BEGIN Data excerpt

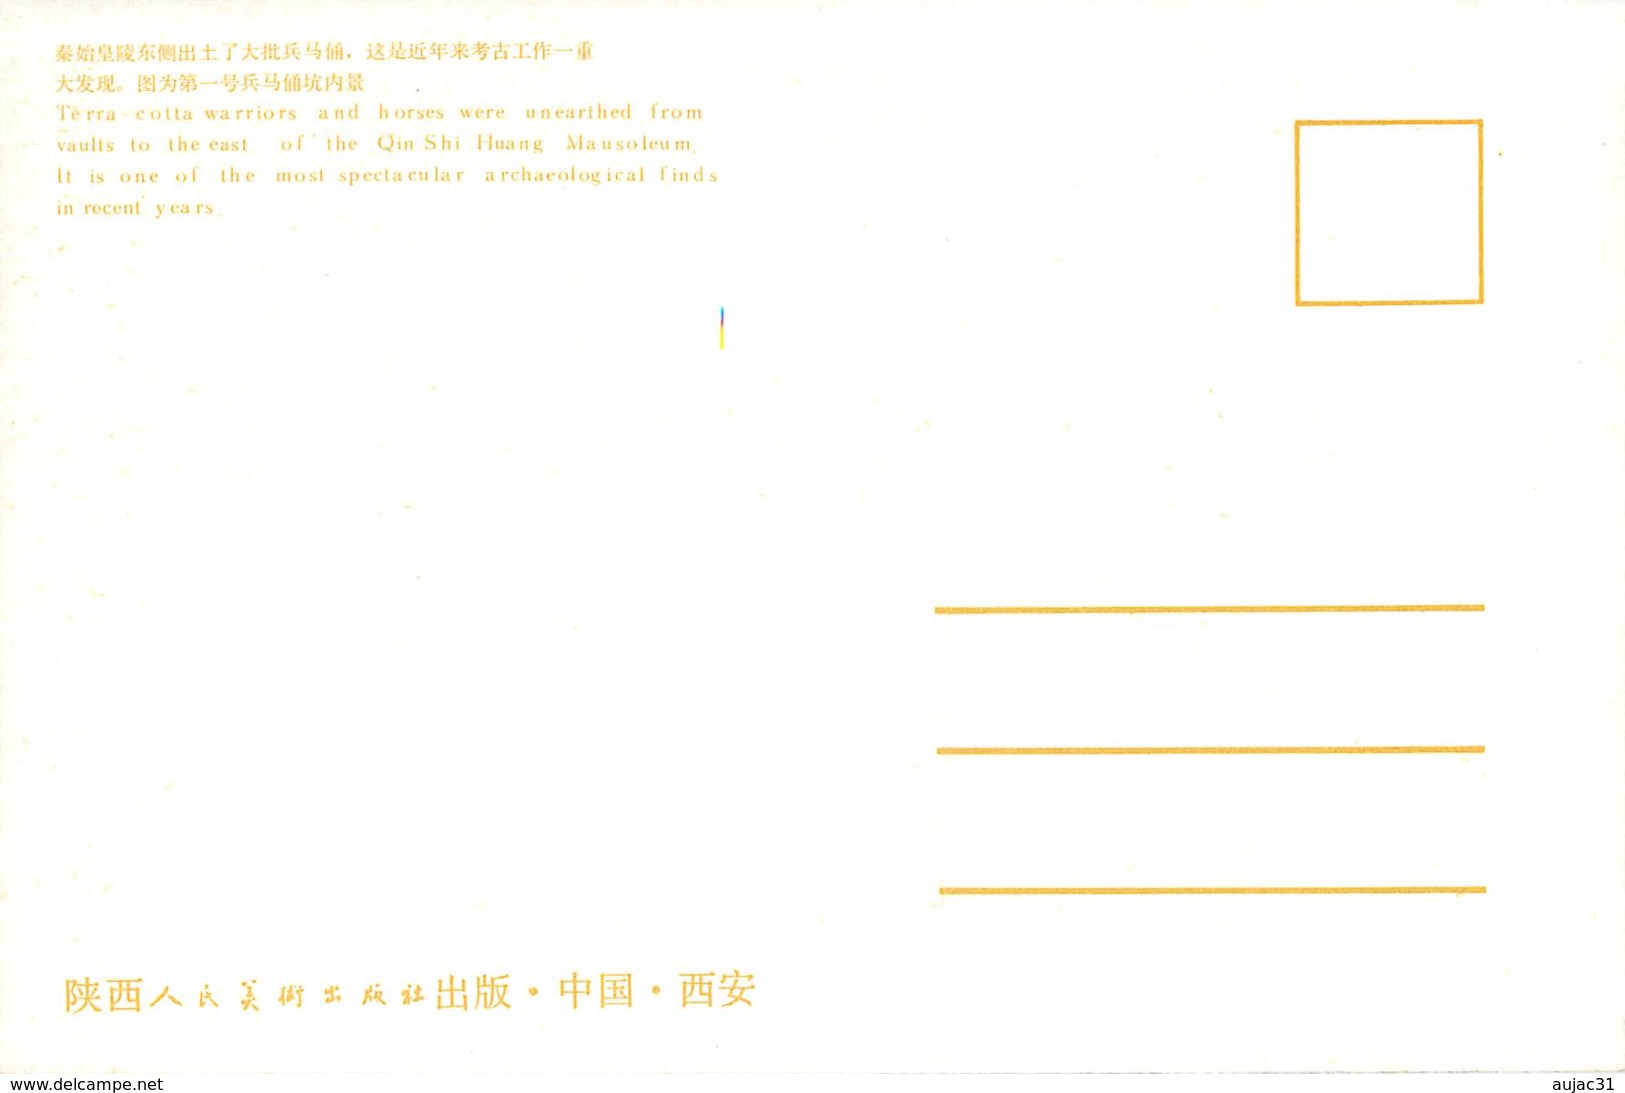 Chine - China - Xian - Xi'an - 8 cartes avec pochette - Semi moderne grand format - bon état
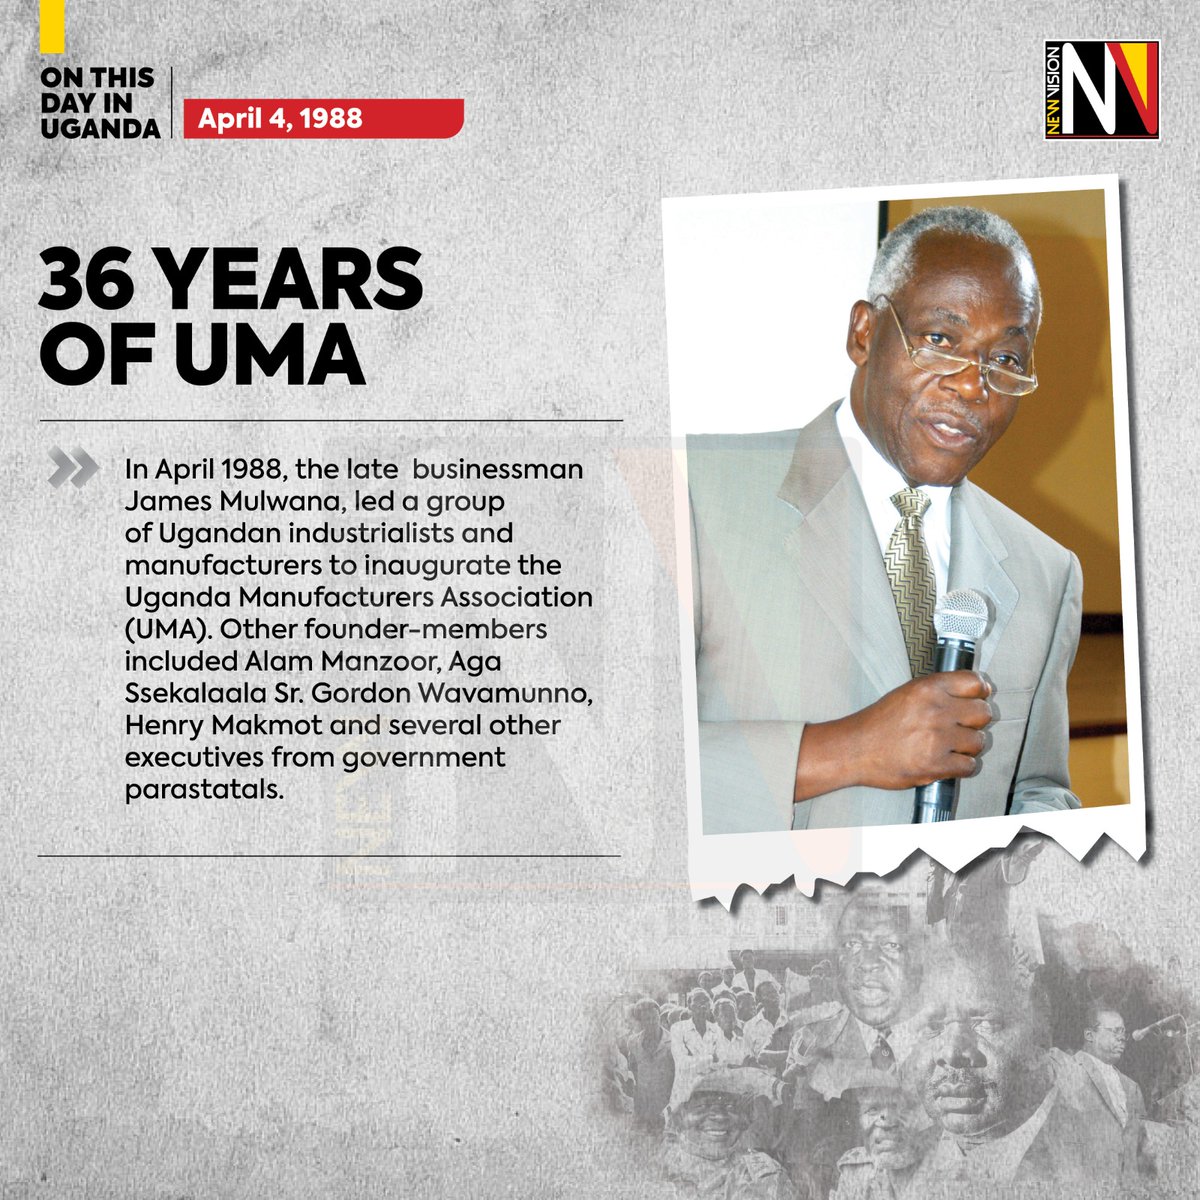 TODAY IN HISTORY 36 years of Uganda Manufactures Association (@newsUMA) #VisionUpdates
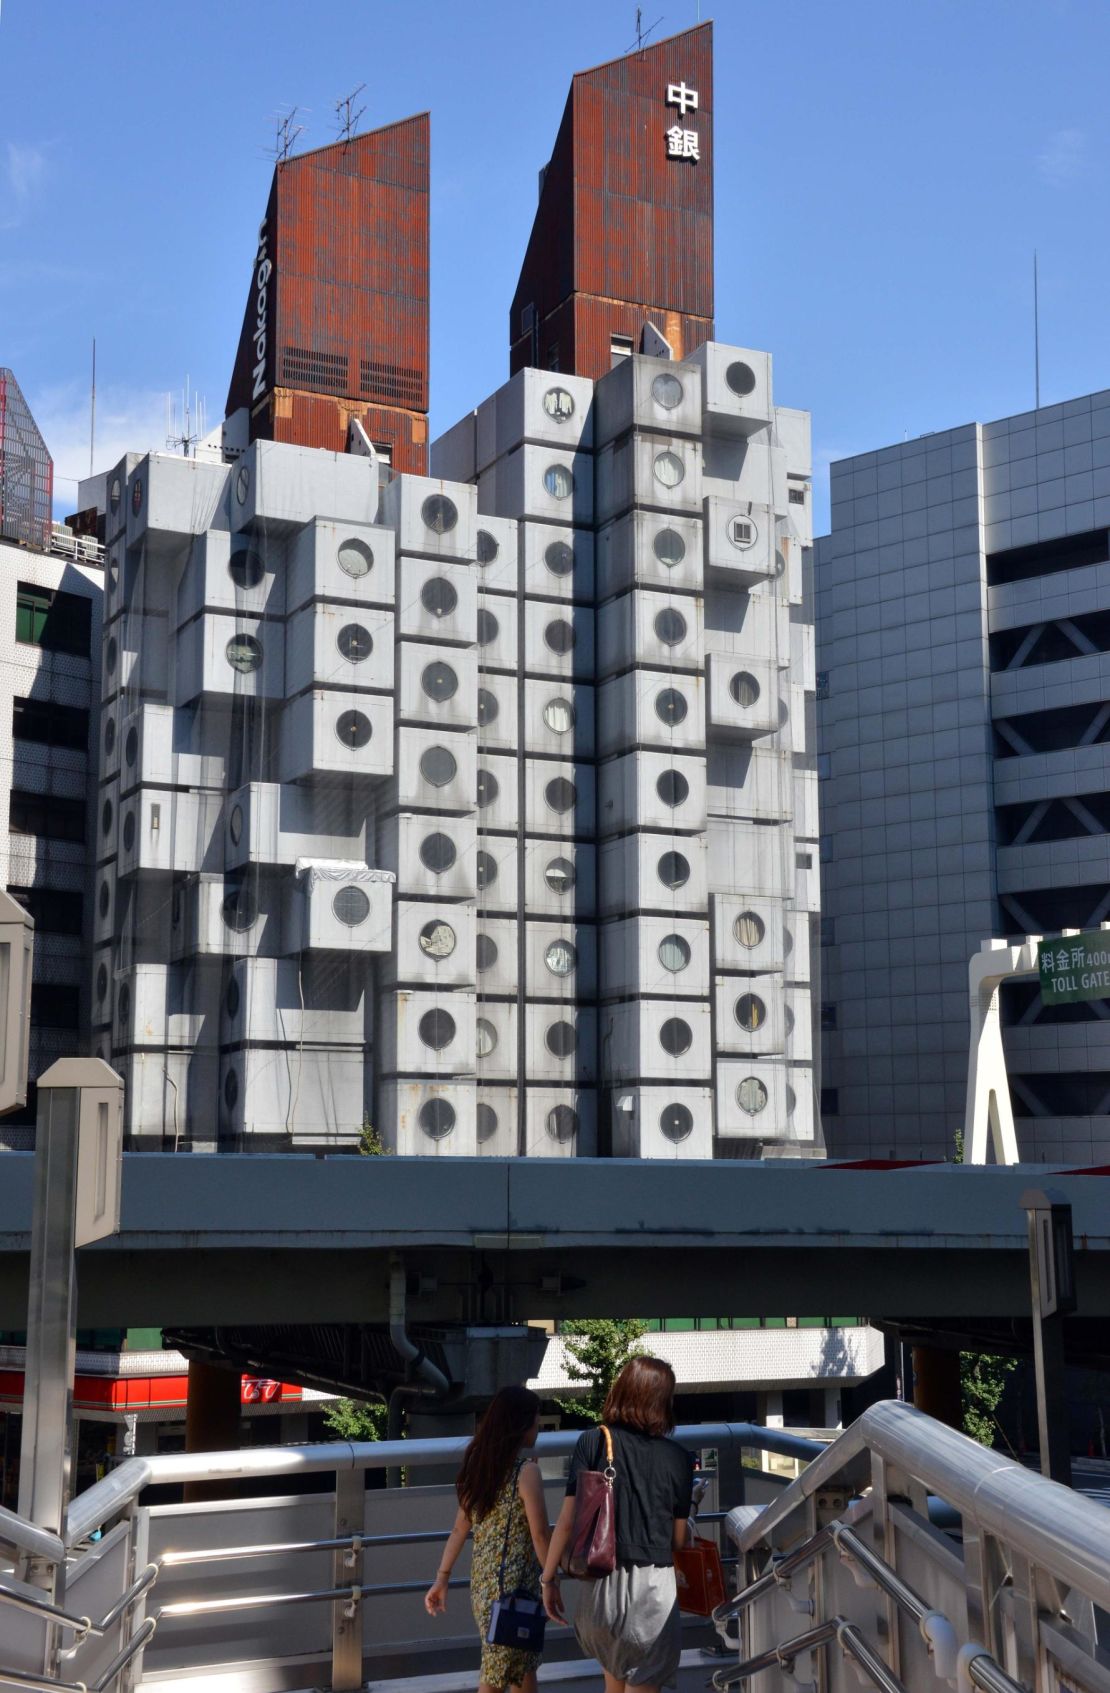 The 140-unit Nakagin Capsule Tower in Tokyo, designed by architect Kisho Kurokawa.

END Data excerpt

• Exercise
Your answer must contain the full data, repeated exactly, without pictures.

• Response area
 Chine - China - Xian - Xi'an - 8 cartes avec pochette - Semi moderne grand format - bon état
 TODAY IN HISTORY 36 years of Uganda Manufactures Association (@newsUMA) #VisionUpdates
 The 140-unit Nakagin Capsule Tower in Tokyo, designed by architect Kisho Kurokawa.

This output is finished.